Figure 3. zALFF differences among personal value profiles. (A) zALFF difference in the right posterior insula (Montreal Neurological Institute (MNI) coordinates of red dot: x = 42, y = 24, z = 17) among personal value profiles. SAG, sagittal view; COR, coronal view; TRA, transversal view; A, anterior; P, posterior; L, left hemisphere; R, right hemisphere. (B) Multiple comparisons of zALFF differences in the right posterior insula among three personal value profiles. Violin plots show means (thick dotted line), standard deviation (fine dotted line), and distributions of parameter values. PI, posterior insula, **pcorr < 0.01.

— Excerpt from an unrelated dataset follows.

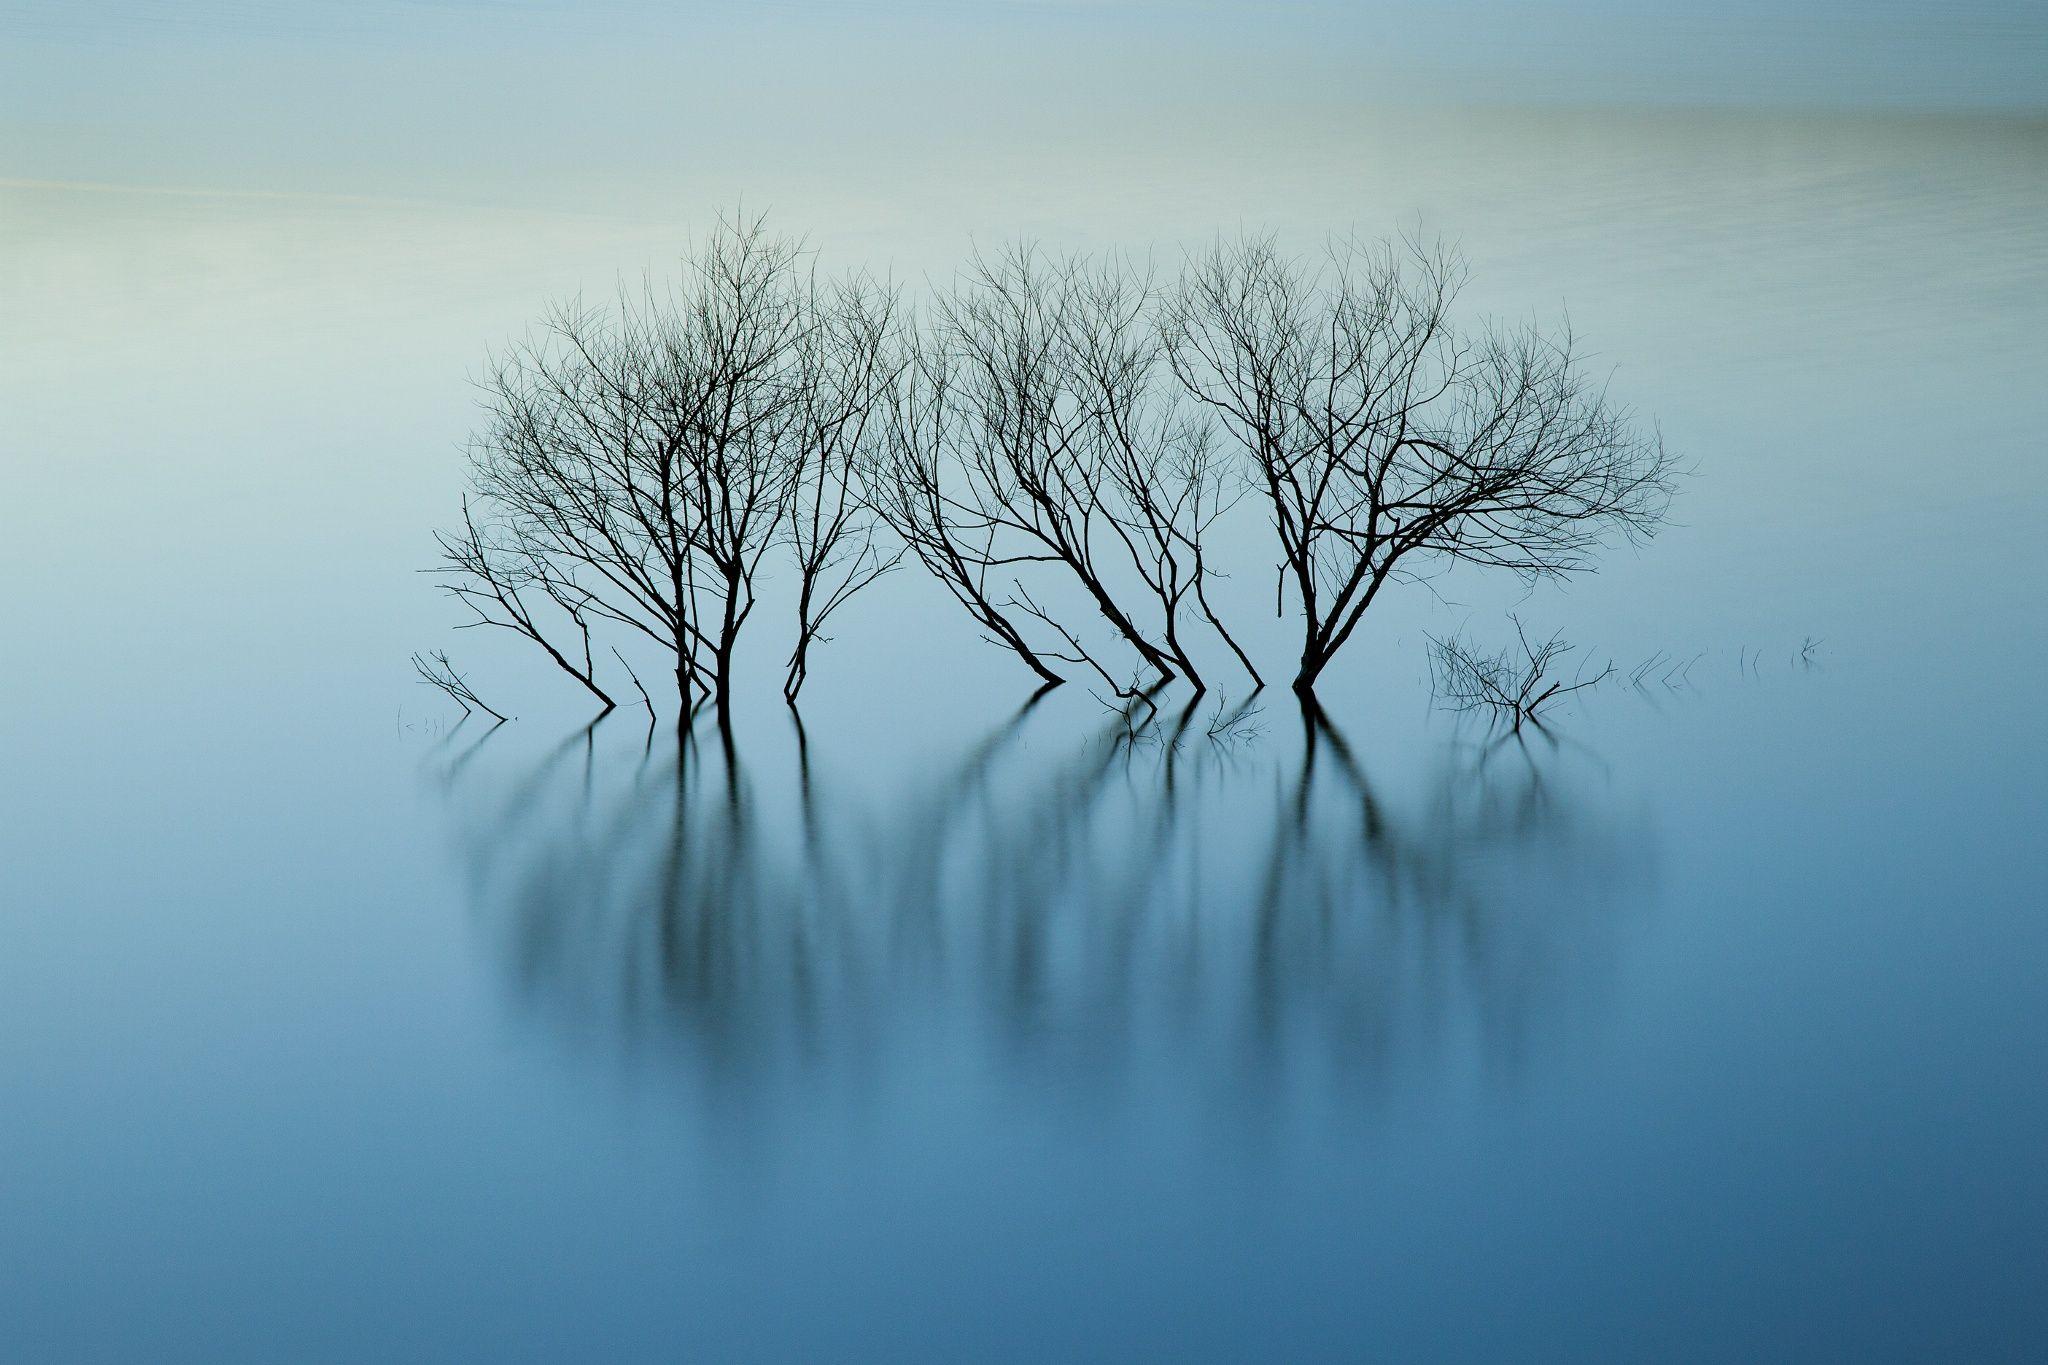 Photograph I Hear the Water Dreaming by Katsuhiko Honda on 500px

Subsequently, the correlation analysis between the two bipolar value dimensions and zALFF of the right PI was conducted. After Bonferroni correction with a factor of four (4 higher-order value dimensions, pcorr = 4 × puncorr) was performed, the results indicated that the spontaneous activity of the right PI was significantly correlated negatively with self-enhancement (r = 0.12, pcorr < 0.05, 95% CI [0.04, 0.19], Figure 4A), while not with self-transcendence (r = −0.10, pcorr = 0.07, 95% CI [−0.17, −0.02], Figure 4B).
Figure 4. Correlation of value dimensions and zAFLL in the right posterior insula. (A) The significant positive correlation between self-enhancement values and zALFF in the right posterior insula. (B) The insignificant correlation between self-transcendence values and zALFF in the right posterior insula. ST, self-transcendence; SE, self-enhancement; PI, posterior insula. The solid black line is the best-fitting regression line, Error band represents 95% CI, **pcorr < 0.01.

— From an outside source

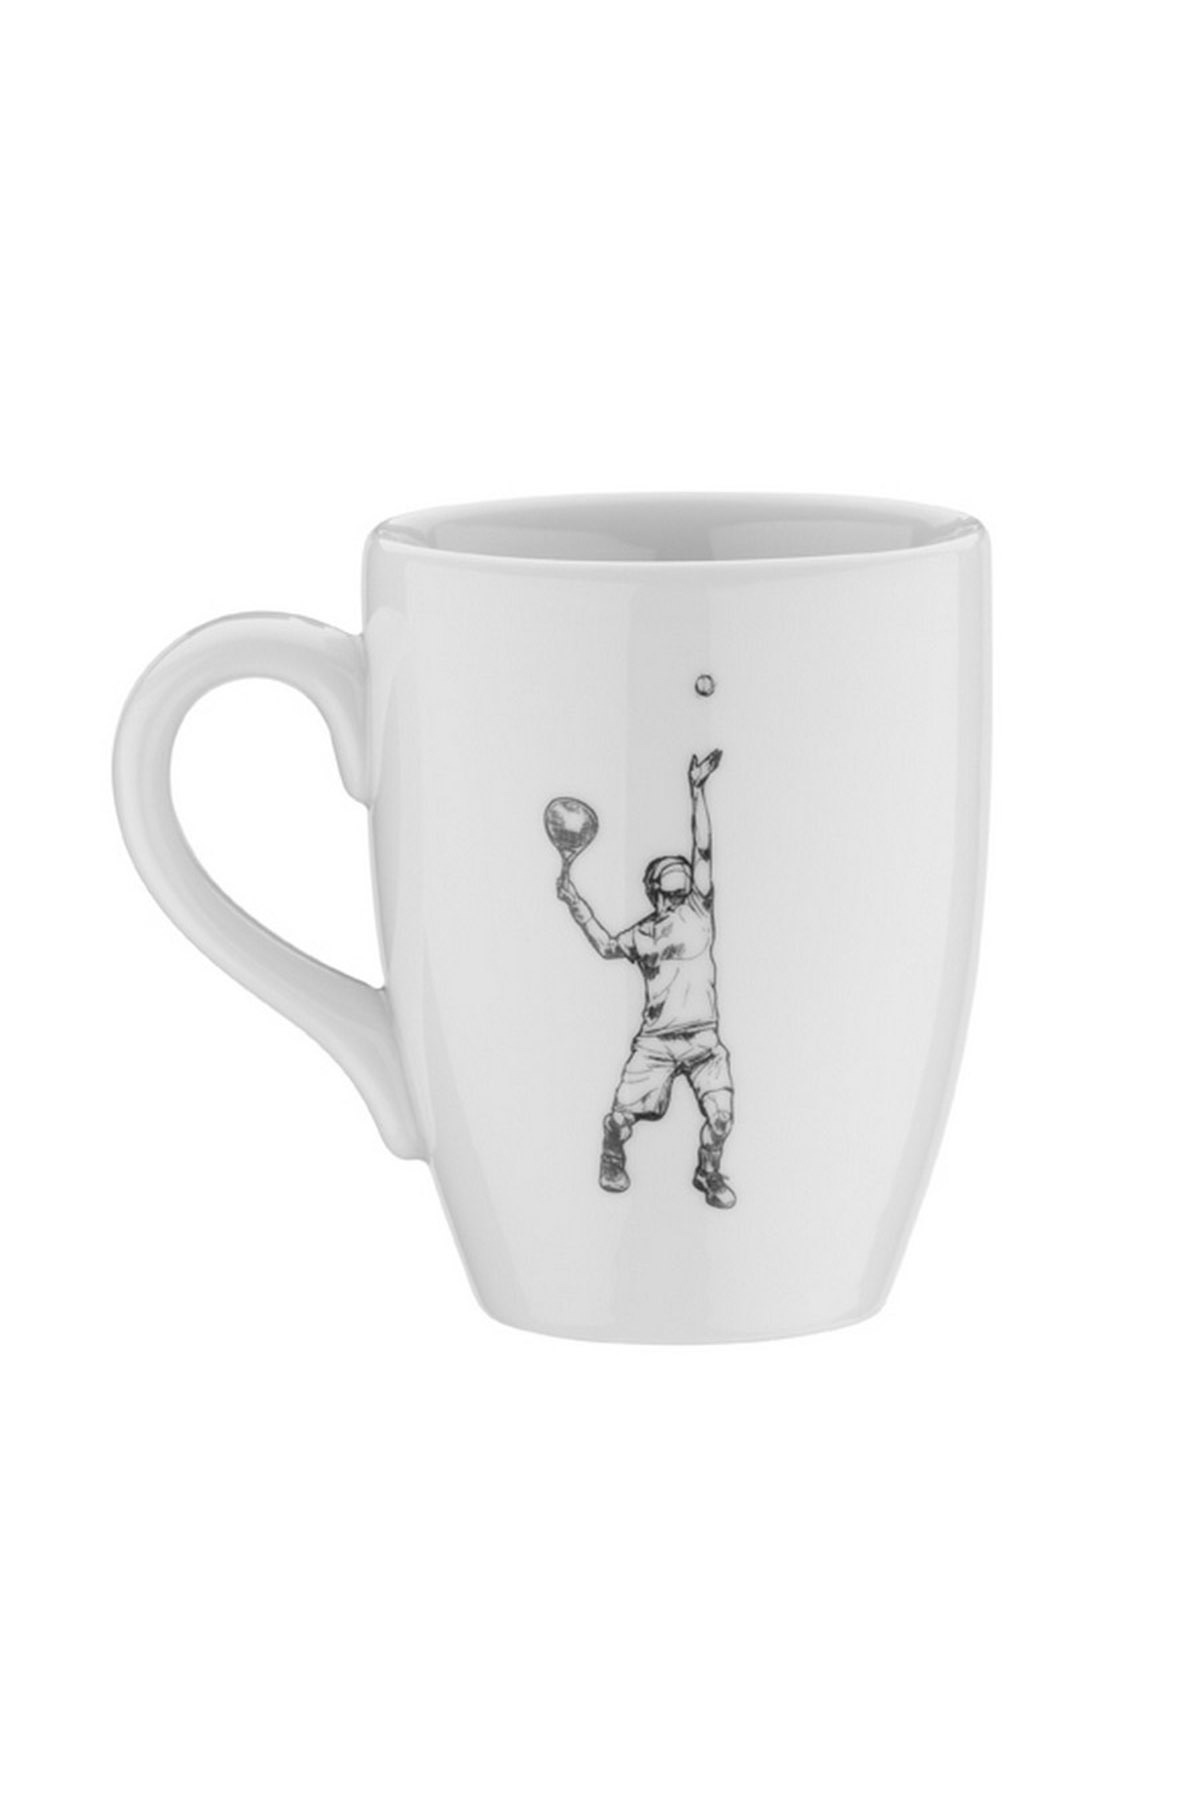 Kütahya Porselen - Kütahya Porselen Sporcu Mug Bardak Tenis

zFC differences among personal value profiles
Insula regions with profile differences in zALFF was used as seed for FC analysis. One-way ANOVA was performed to investigate the personal value profile differences of insula-based FC intensity. Figure 5 and Table 2 present the results. We conducted FDR correction on the one-way ANOVA results for zFC (p < 0.05). Post hoc multiple comparisons using Bonferroni correction revealed that profile 1 participants had higher FC intensities in the left middle insula (MI) with left inferior temporal gyrus (ITG), right MI with right temporal gyrus (TG), and right MI with right posterior occipital cortex (POC) than profile 3 participants; they also had higher FC intensities in the left MI with left ITG, and right MI with right TG than profile 2 participants; but lower FC intensity within the right MI than profile 2 and 3 participants. Additionally, profile 2 participants had higher FC intensity of the right MI with left basal ganglia (BG) than profile 3 participants.

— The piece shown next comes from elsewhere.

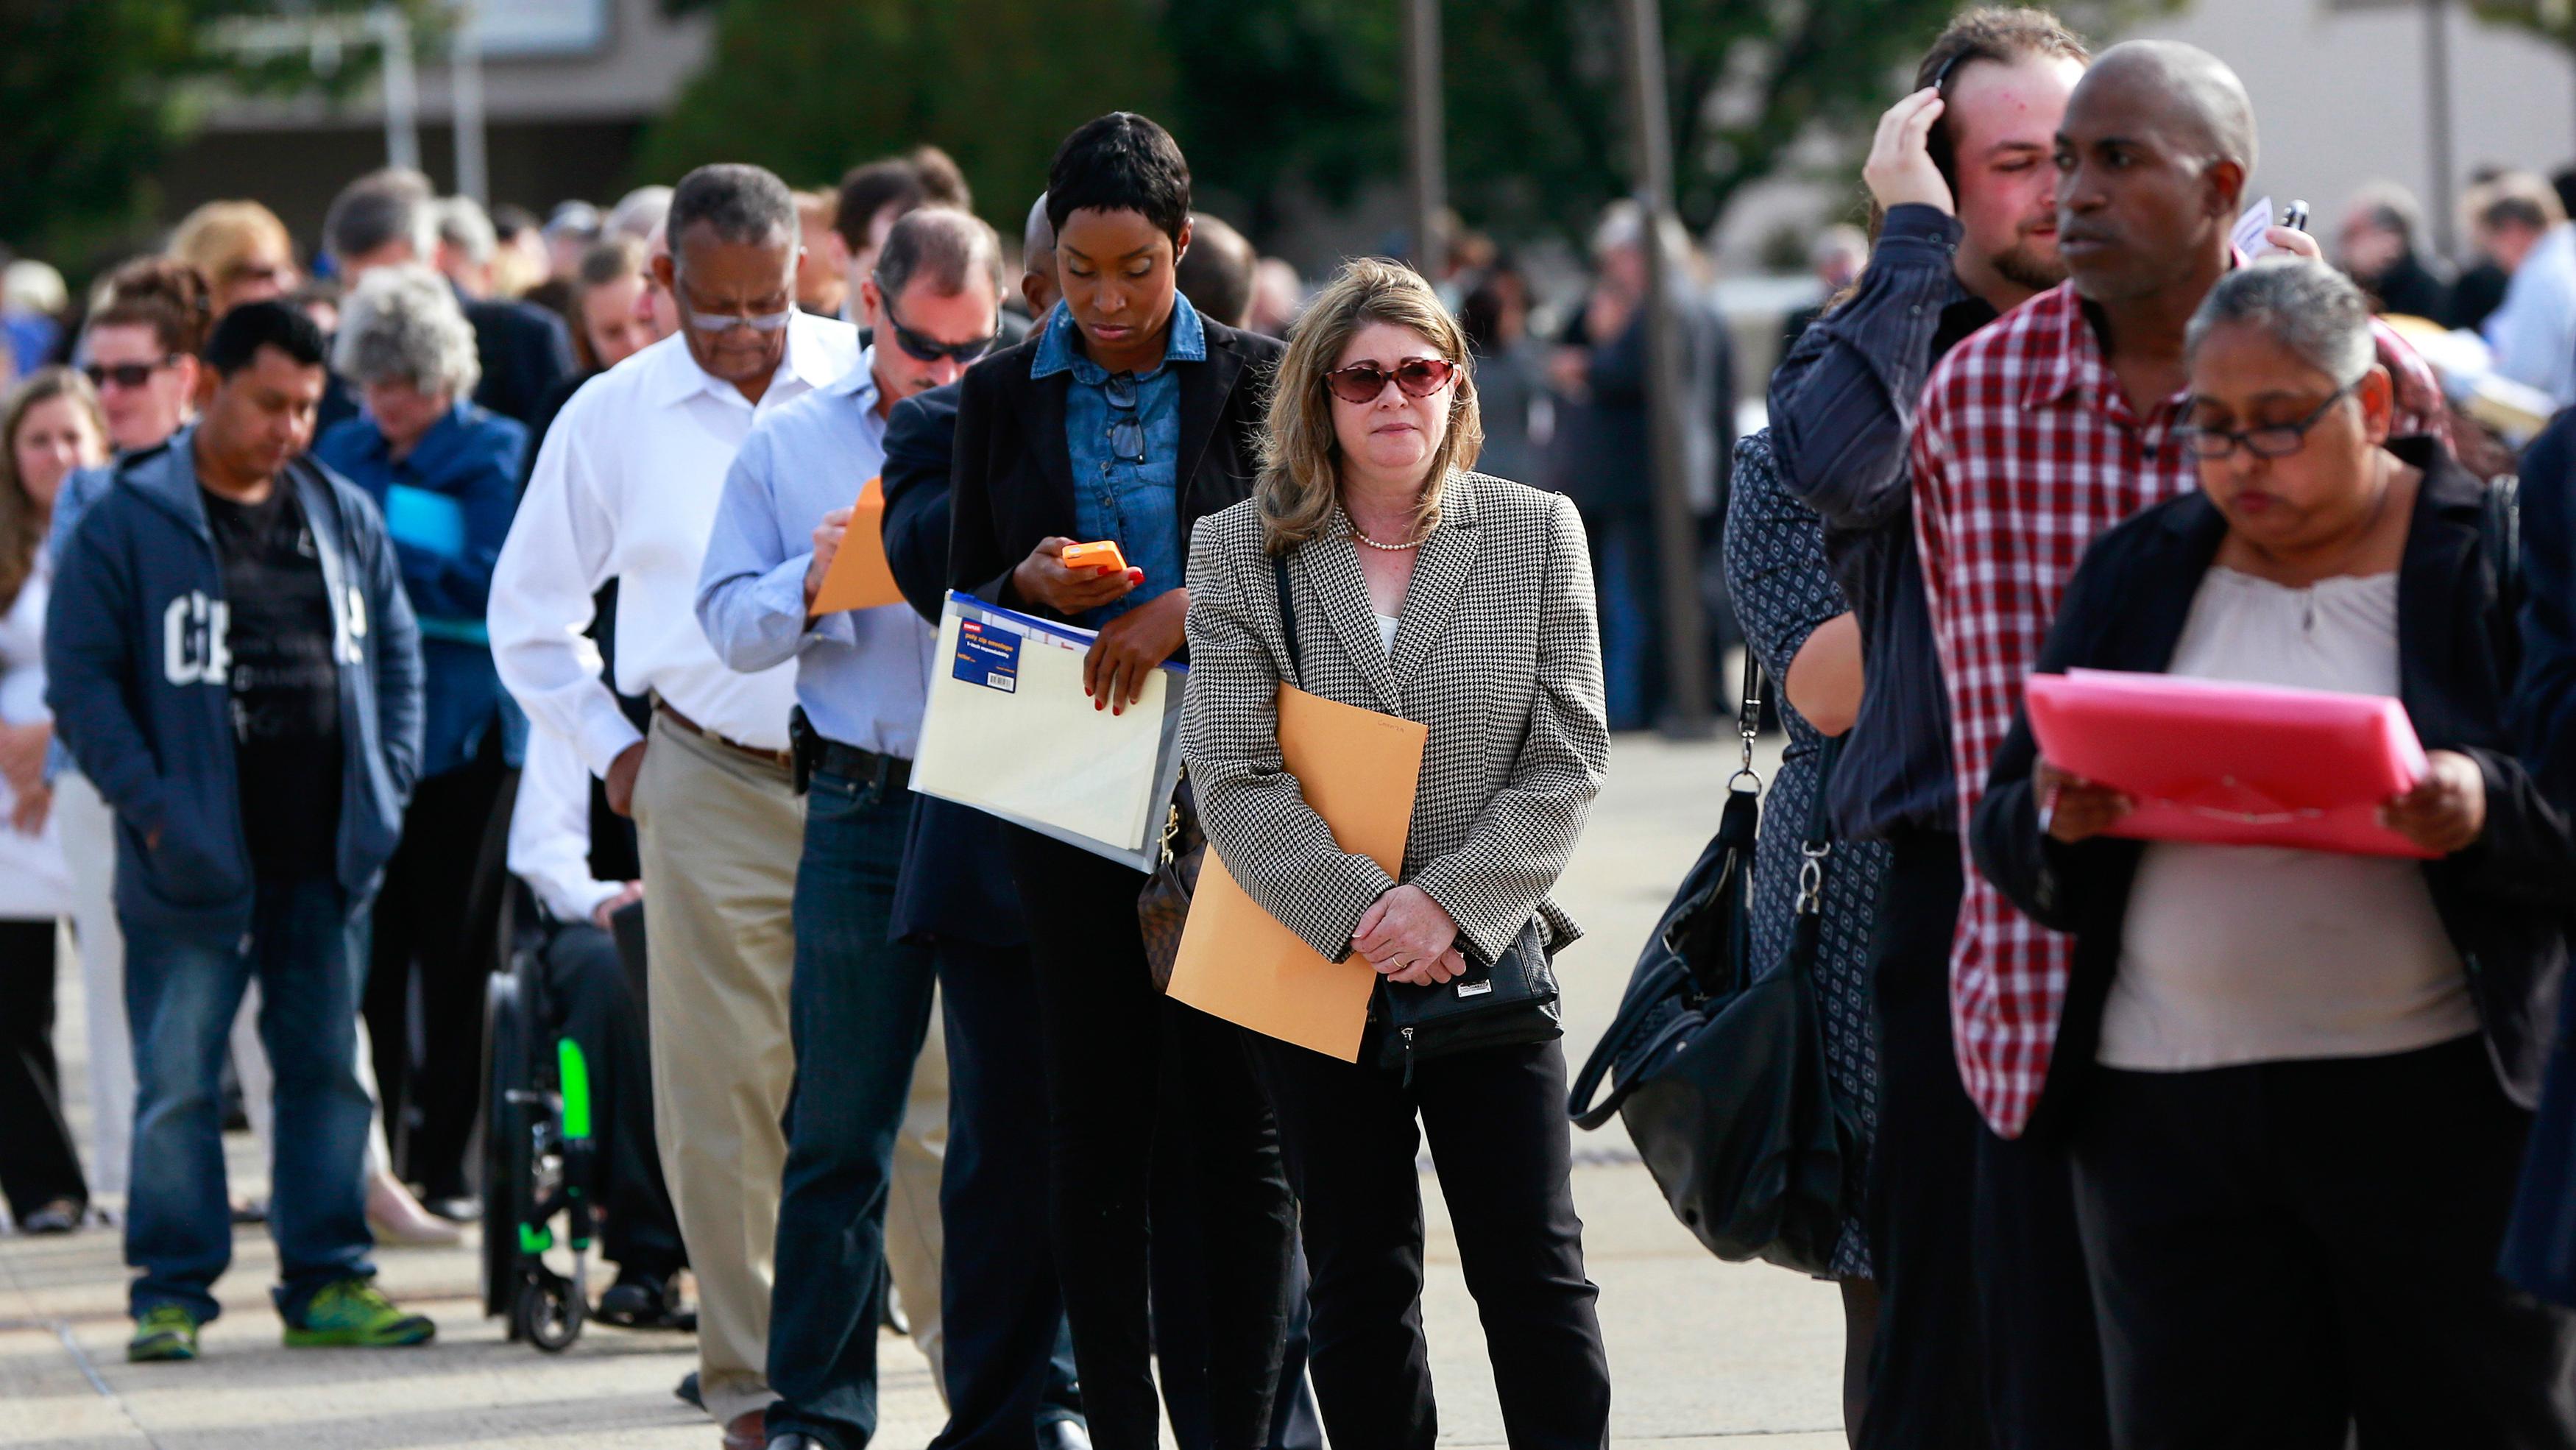 us-unemployment-employment-job-market-wages-labor-work-fed-federal-reserve

Figure 5. FC intensity differences between personal value profiles. (A) Six insula-based FC with significant intensity differences among three personal value profiles. Labels for cortical regions defined in the Dosenbach Atlas template are in parentheses; the blue dots are ROI 1 and the yellow dots are ROI 2; L, left hemisphere; R, right hemisphere. (B–G) Multiple comparisons of FC intensity between the left middle insula and left inferior temporal gyrus (B,C), within the right middle insula (D), between the right middle insula and left basal ganglia (E), between the right middle insula and right temporal gyrus (F), and between the right middle insula and right posterior occipital cortex (G) among three personal value profiles. MI, middle insula; ITG, inferior temporal gyrus; BG, basal ganglia; TG, temporal gyrus; POG, posterior occipital cortex. *pcorr < 0.05, **pcorr < 0.01, and ***pcorr < 0.001. More details of these FC intensities are described in Table 2.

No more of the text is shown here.